DATA SEGMENT Block Start

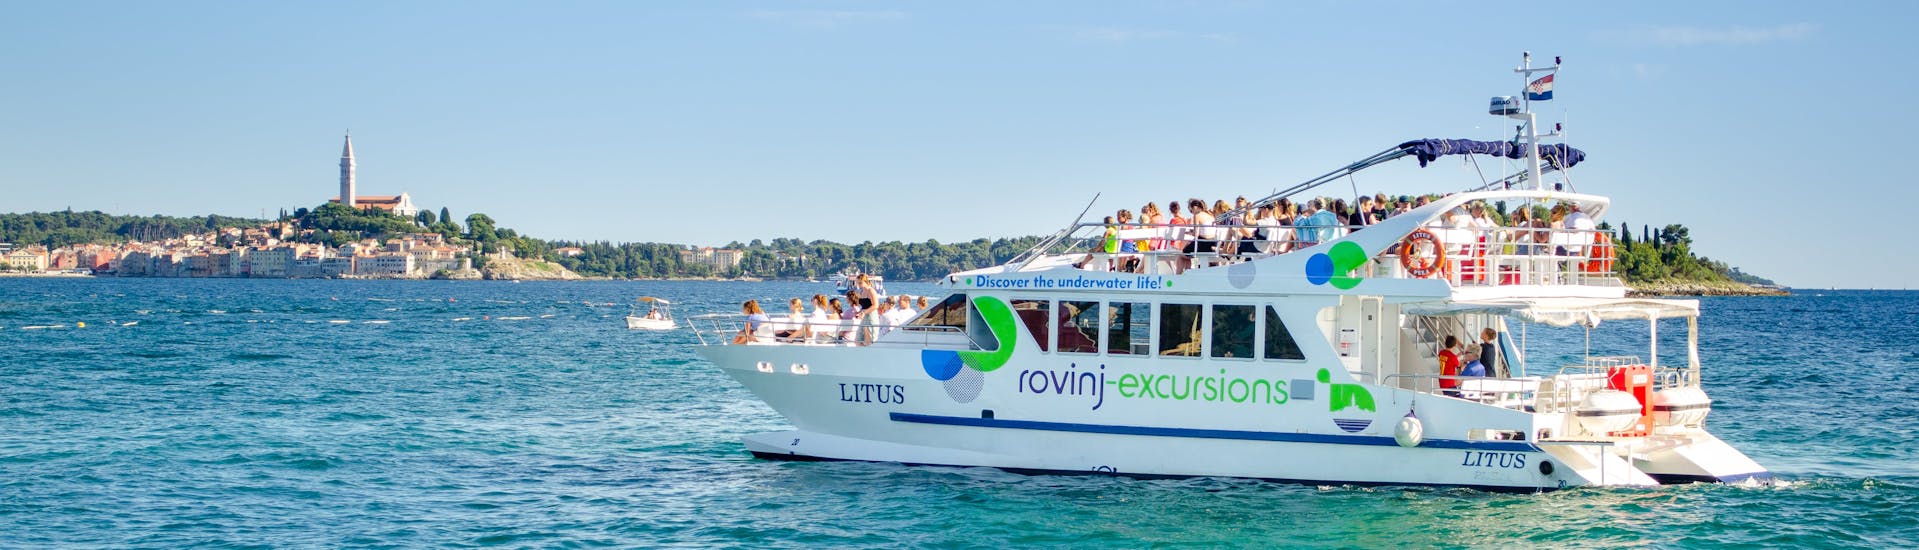 El catamarán LITUS en las aguas cristalinas de Istria durante la excursión en catamarán por Rovinj con parada para nadar con Rovinj Excursions.
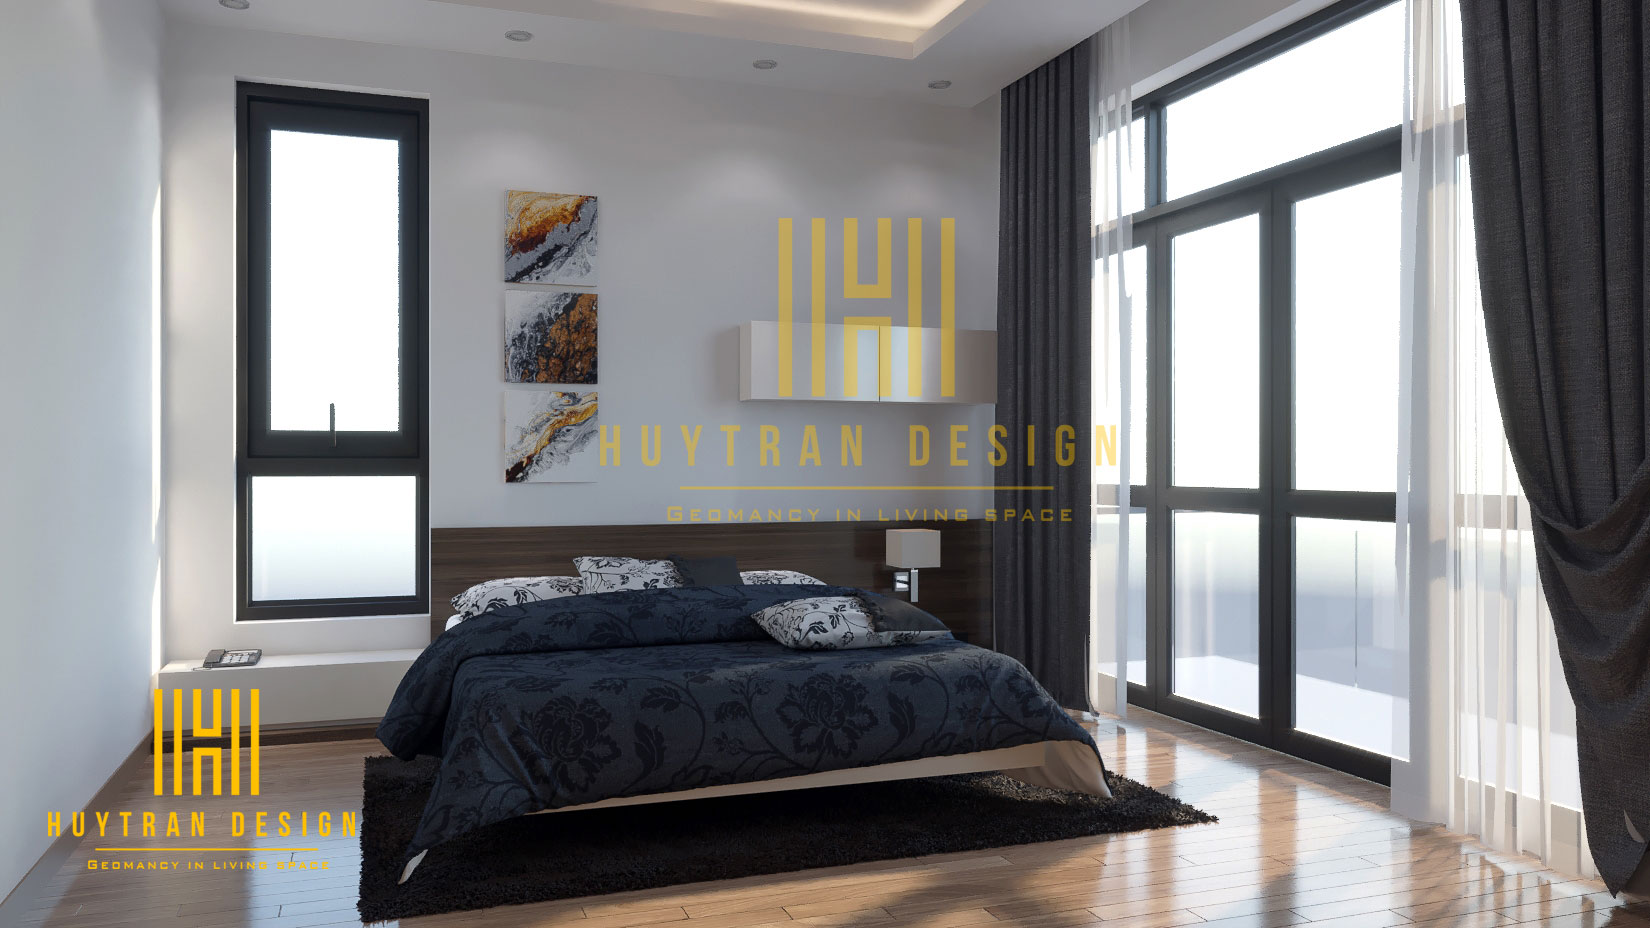 Thiết kế giường ngủ Kingsize hiện đại cho nội thất chung cư
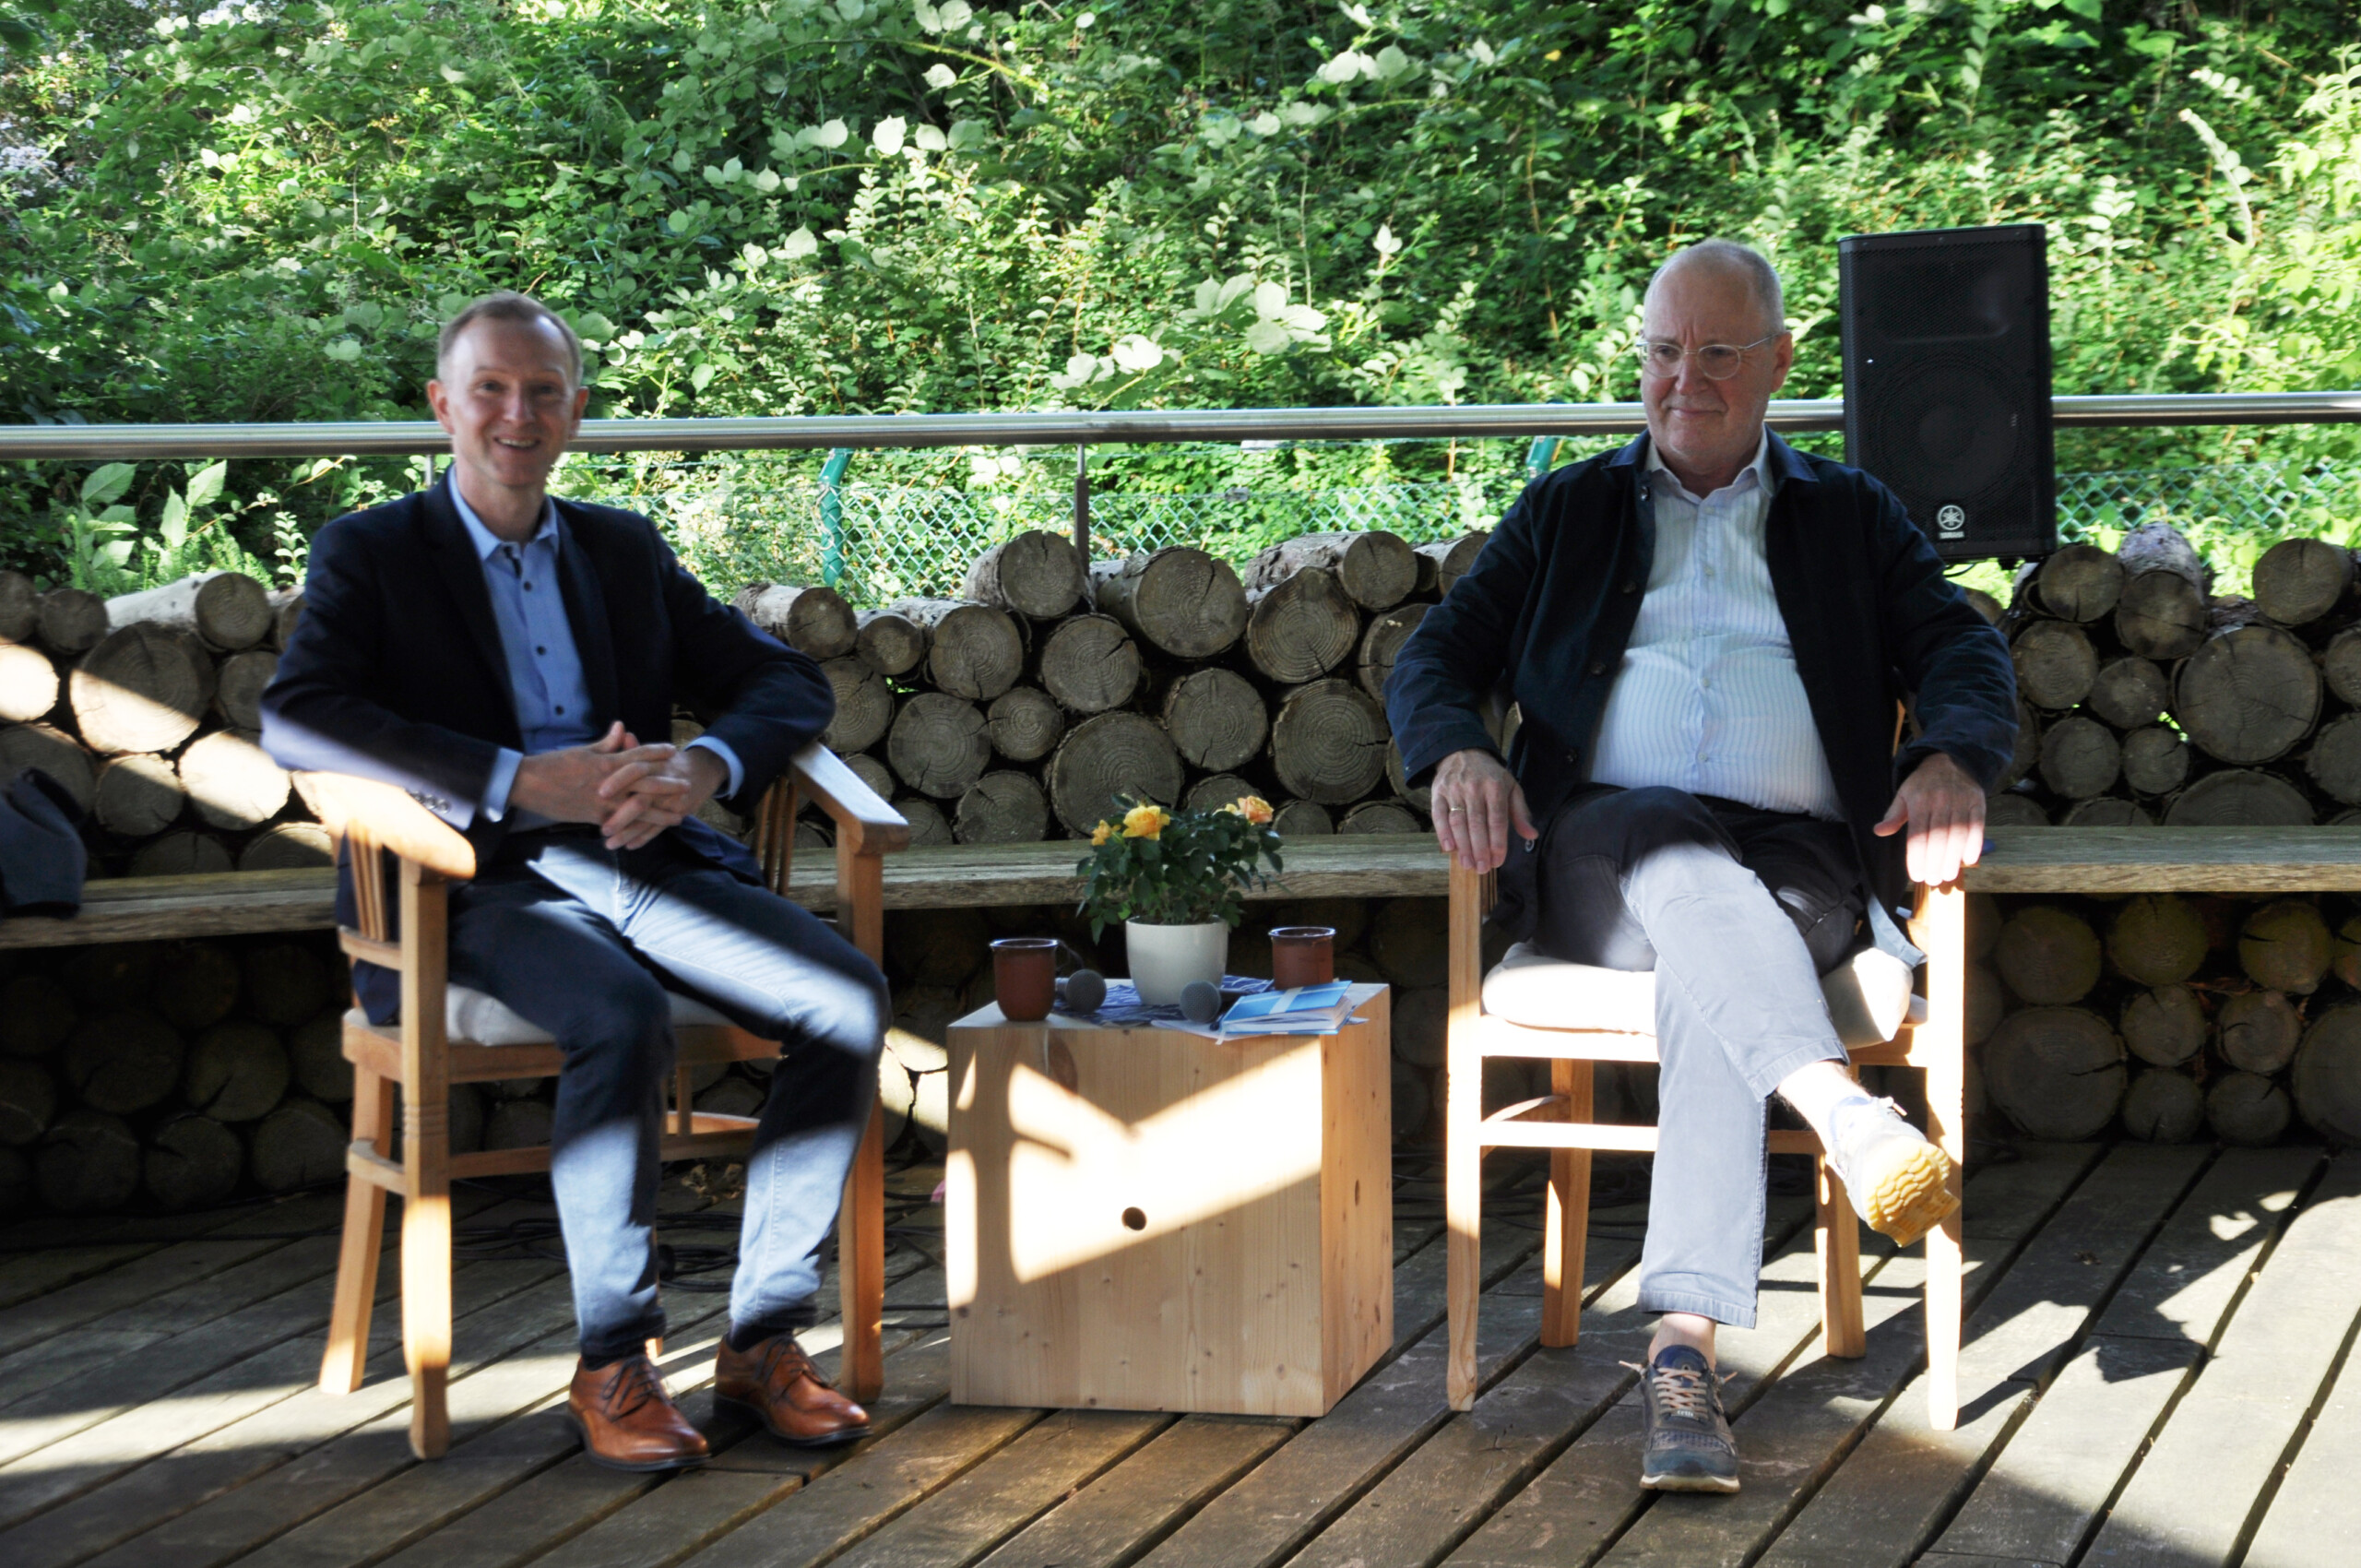 Eutins Tourismuschef Michael Keller und Propst Peter Barz beim „Talk“ im Garten am frischen Wasser. (V.l.n.r.)

DATA SEGMENT Block End

§ WORK TO COMPLETE
Leave out the pictures and set down all of the data exactly.

§ RESPONSE BOX
 El catamarán LITUS en las aguas cristalinas de Istria durante la excursión en catamarán por Rovinj con parada para nadar con Rovinj Excursions.
 Thiết kế giường ngủ Kingsize hiện đại cho nội thất chung cư
 Eutins Tourismuschef Michael Keller und Propst Peter Barz beim „Talk“ im Garten am frischen Wasser. (V.l.n.r.)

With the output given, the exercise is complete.